Chwilę mnie tu nie było, ale jak można się domyślić, jest to po części spowodowane nieubłaganie zbliżającą się maturą. Został zaledwie tydzień i nie wierzę w to, jak ten czas szybko leci. Szczerze powiem, że im bliżej, to mniej zapału do nauki, ale walczę i staram się jak najwięcej zrobić. Nie ukrywam, jak strasznie jestem tym wszystkim zmęczona i już marzę o wakacjach. Znalazłam chwilę czasu w przerwie między zajęciami i skłoniło mnie, żeby tu zajrzeć, coś napisać.

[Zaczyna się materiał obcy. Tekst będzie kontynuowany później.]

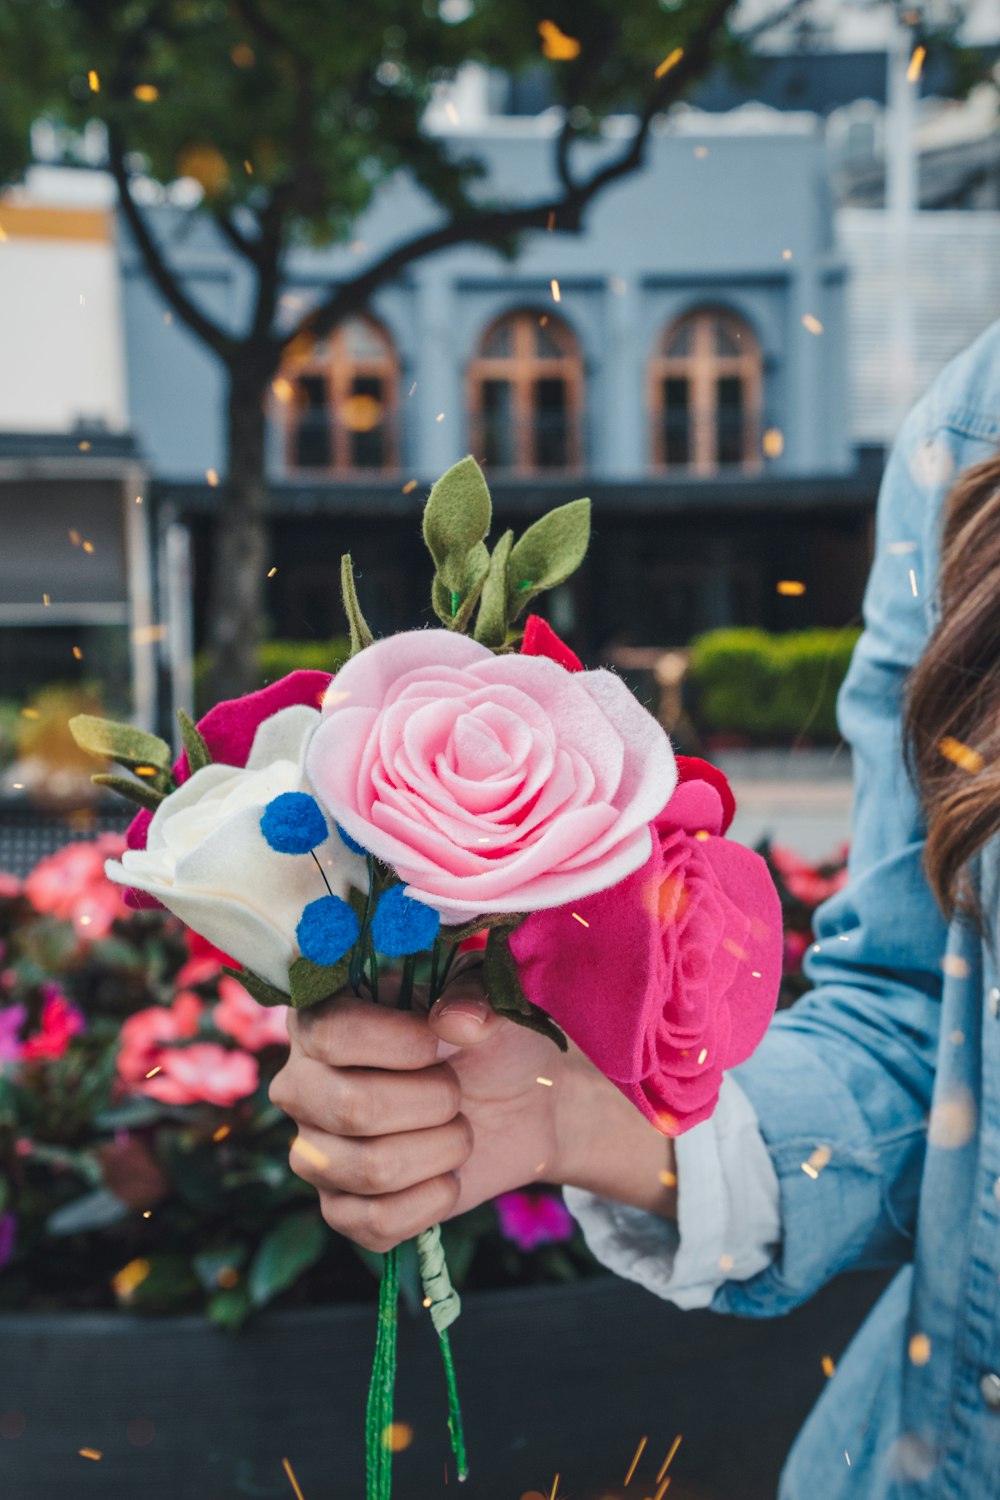 donna che tiene il fiore finto dai petali rosa e bianchi
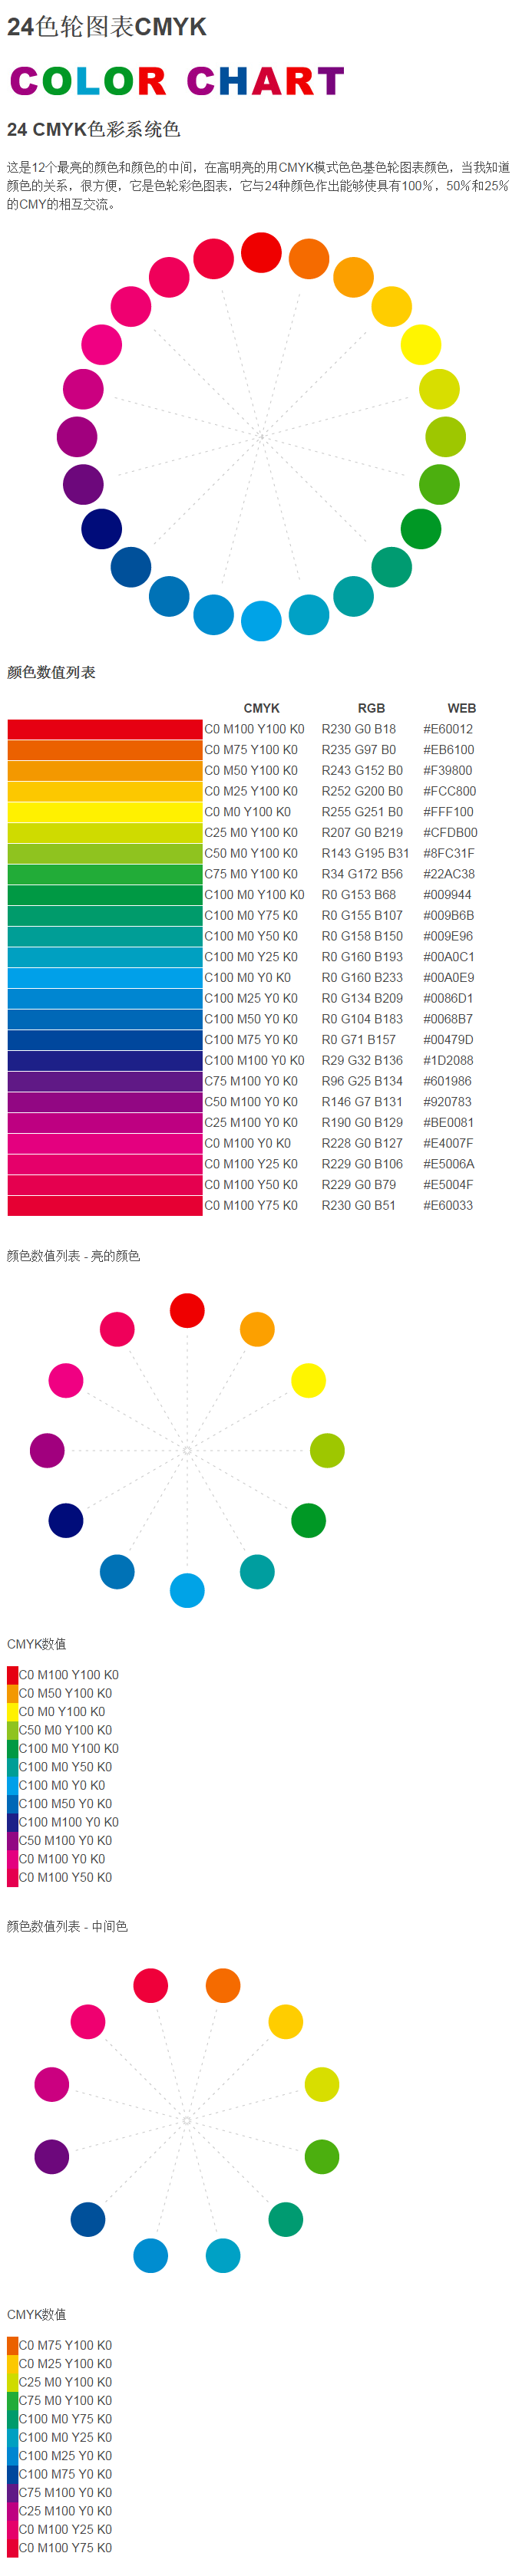 cmyk24色轮图表 cmyk色值颜色数值列表

Poza samą nudną nauką działo się wiele innych rzeczy, bynajmniej to, że sama spotkałam się blisko z koronawirusem i miałam ponad dwutygodniową kwarantannę. Całe święta spędziliśmy z rodziną w domu. Nie powiem, nudziłam się, mimo że miałam tak naprawdę mnóstwo czasu na naukę, ale kto się cały czas uczy? Pozwoliłam sobie trochę na lenistwo. Koniec końców wszystko skończyło się dobrze i w sumie kwarantanna szybko mi zleciała. Poza tym kilka dni temu obchodziliśmy z chłopakiem nasze trzy lata i zrobiliśmy sobie małą wycieczkę autem, pospacerowaliśmy, zrobiliśmy a la piknik, bo mimo że kwiecień, to pogoda trochę słaba, no i obowiązkowy punkt - McDonald's , haha. Sytuacja strasznie ogranicza i nie było dużego wyboru, ale nie było też mowy o siedzeniu w domu, więc cieszę się, jak spędziliśmy tamten dzień. A jeszcze z nowości, to udało mi się kupić nowy laptop, na którym właśnie piszę i jestem na razie bardzo zadowolona, mam nadzieję, że na długo mi posłuży. Mój stary komputer po prostu wołał już o litość, a że odłożyłam sobie pieniądze z 18nastki, to stwierdziłam, iż najwyższa pora i przyda mi się jak najbardziej na studiach.
Dzisiejszy post jest taki typowo pogadankowy, chciałam napisać o tym, co działo się w ostatnim czasie, ale wracam też do was z nowym wierszem. Jest wiosna, tak naprawdę moja ulubiona pora roku, ale tym razem jest ona dla mnie zupełnie inna, nawet ta niż rok temu. Totalnie nie czuję w tym przypadku tej wiosny, nawet pogoda nie jest taka, jaka być powinna. W lutym było autentycznie cieplej niż jest teraz. Ale nic nie zrobimy... W każdym razie zapraszam do krótkiej lektury:
Kocham wiosnę.
To jedna z tych pór roku,
Kiedy świat budzi się do życia,
Ale...
Tym razem jest inaczej.
Mimo że dziś typowo wiosennie:
Słońce, ciepło, śpiew ptaków,
Ja tego nie czuję,
A deszczowa pogoda przenika przeze mnie.
Dobijające jest zmęczenie, duszę się,
Mam dość.
I nawet moja ulubiona wiosna
Nie może mnie podnieść.
Ona po prostu musi minąć.
Na nowo będę się nią cieszyć
Za rok.
Piszcie o swoich wrażeniach. Jak wy spędziliście kwiecień?
Do następnego!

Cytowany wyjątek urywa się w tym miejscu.